Problem to solve —
Reproduce each line of the material exactly, minus any picture.

*** Data section ***

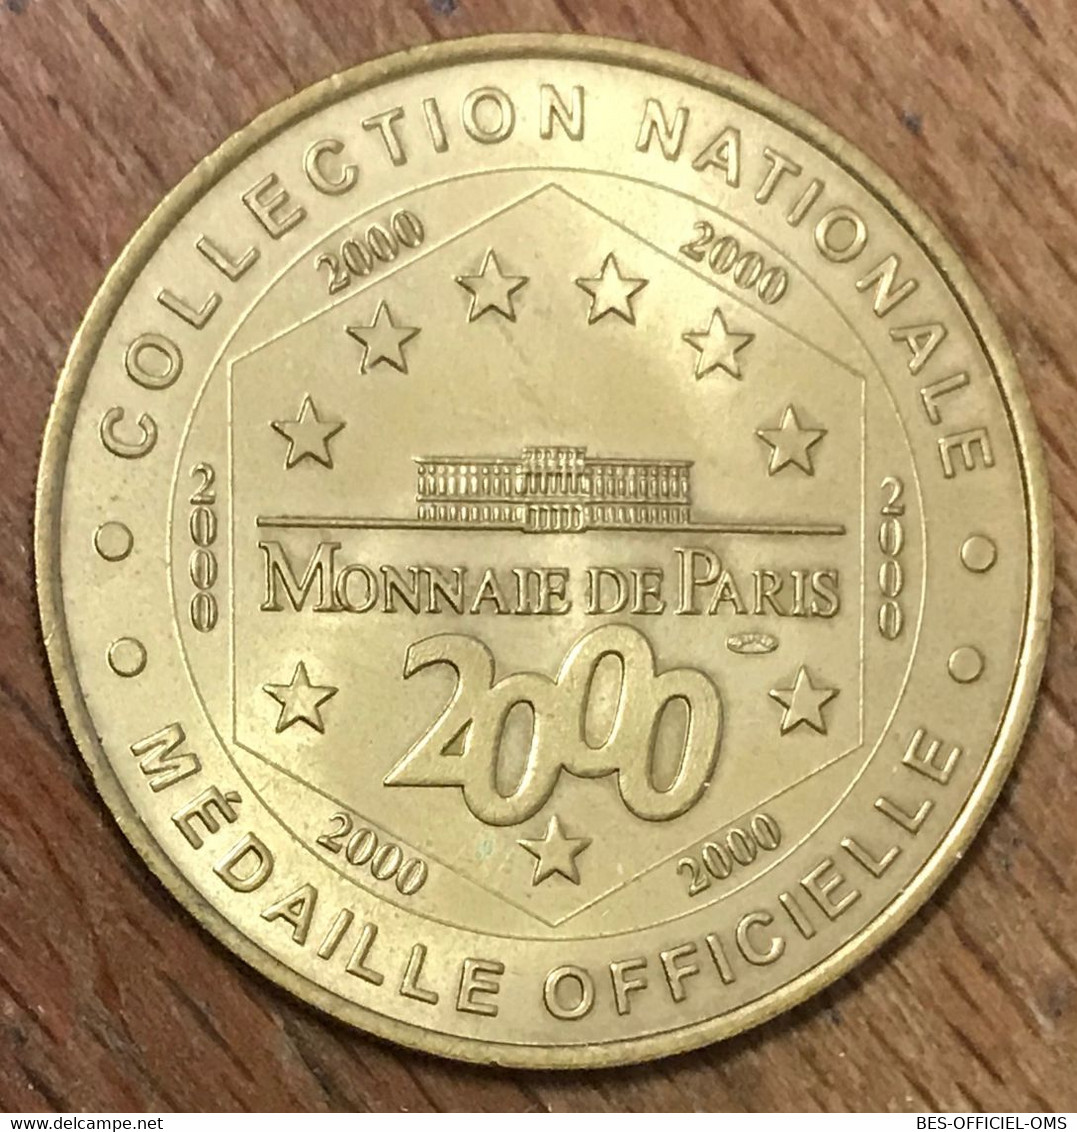 75007 PARIS DÔME INVALIDES TOMBEAU DE NAPOLÉON MDP 2000 MÉDAILLE MONNAIE DE PARIS JETON TOURISTIQUE MEDALS COIN TOKENS - 2000
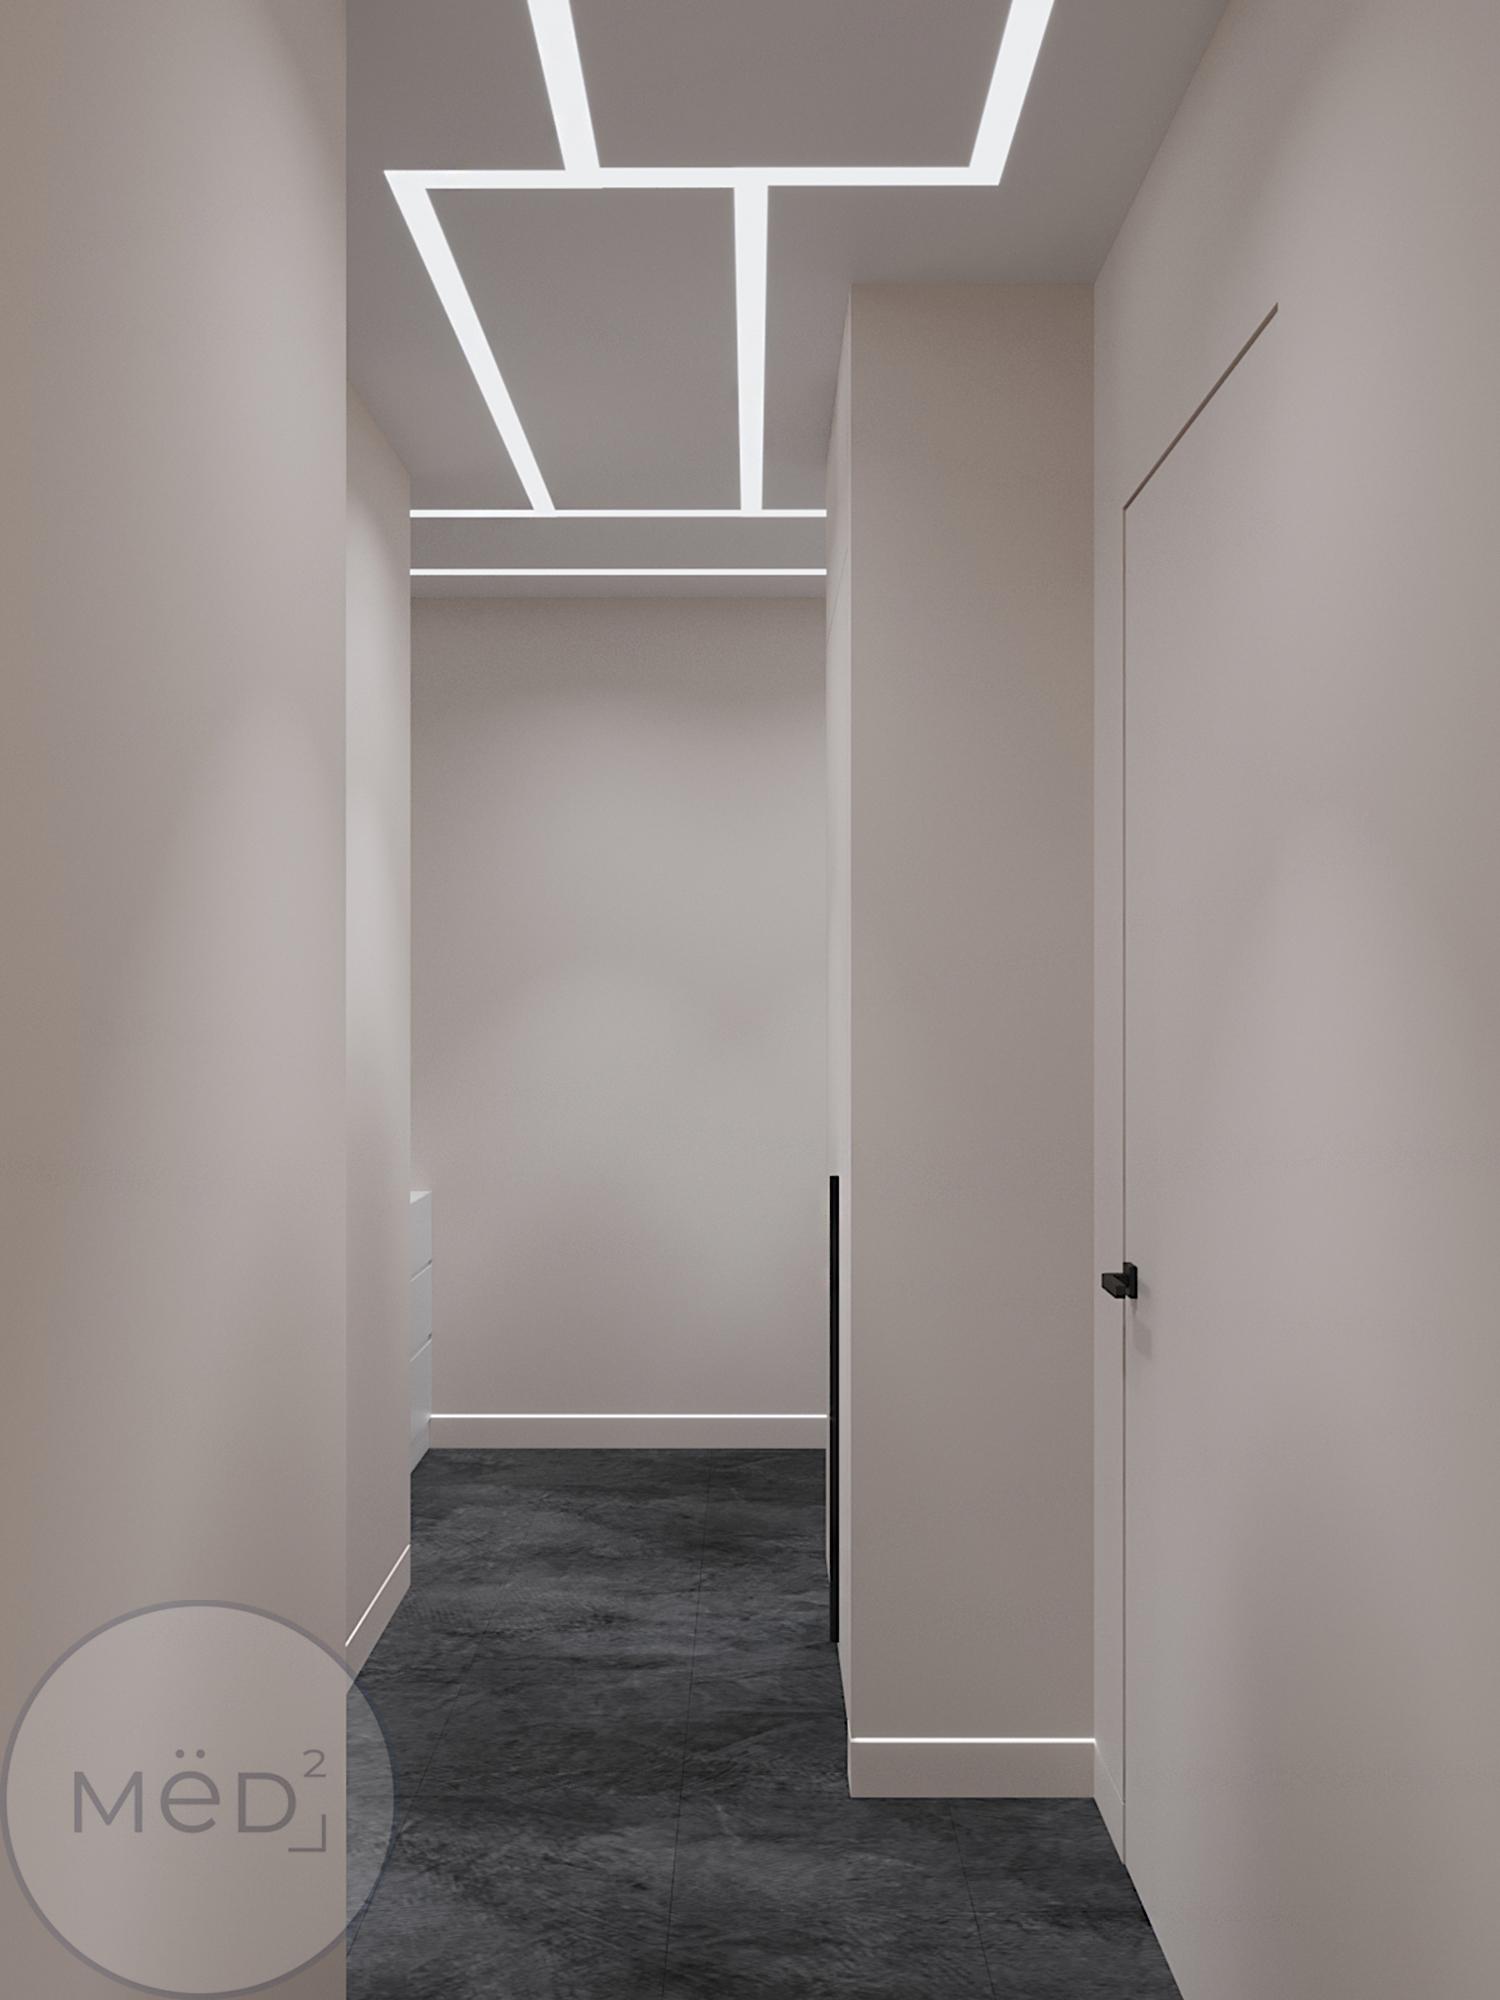 Интерьер коридора с нишей с подсветкой, световыми линиями, рейками с подсветкой, подсветкой настенной, подсветкой светодиодной и с подсветкой
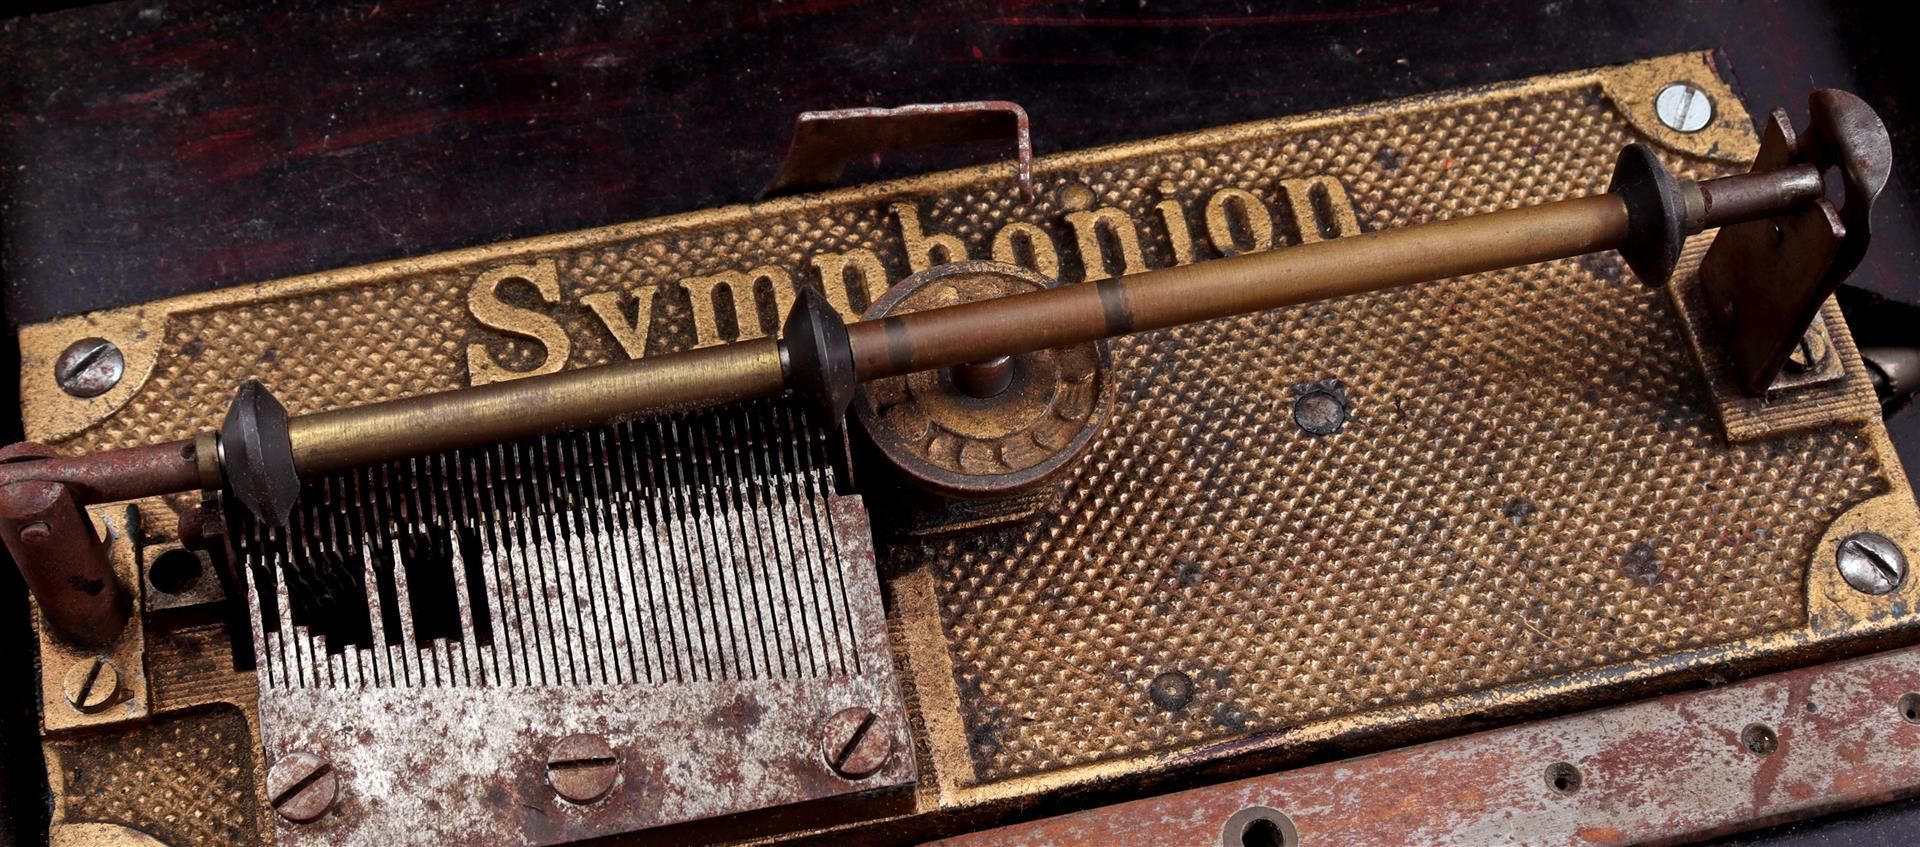 Symphonion music box - Image 2 of 3

*** End of Data section ***

The answer —
 75007 PARIS DÔME INVALIDES TOMBEAU DE NAPOLÉON MDP 2000 MÉDAILLE MONNAIE DE PARIS JETON TOURISTIQUE MEDALS COIN TOKENS - 2000
 Интерьер коридора с нишей с подсветкой, световыми линиями, рейками с подсветкой, подсветкой настенной, подсветкой светодиодной и с подсветкой
 Symphonion music box - Image 2 of 3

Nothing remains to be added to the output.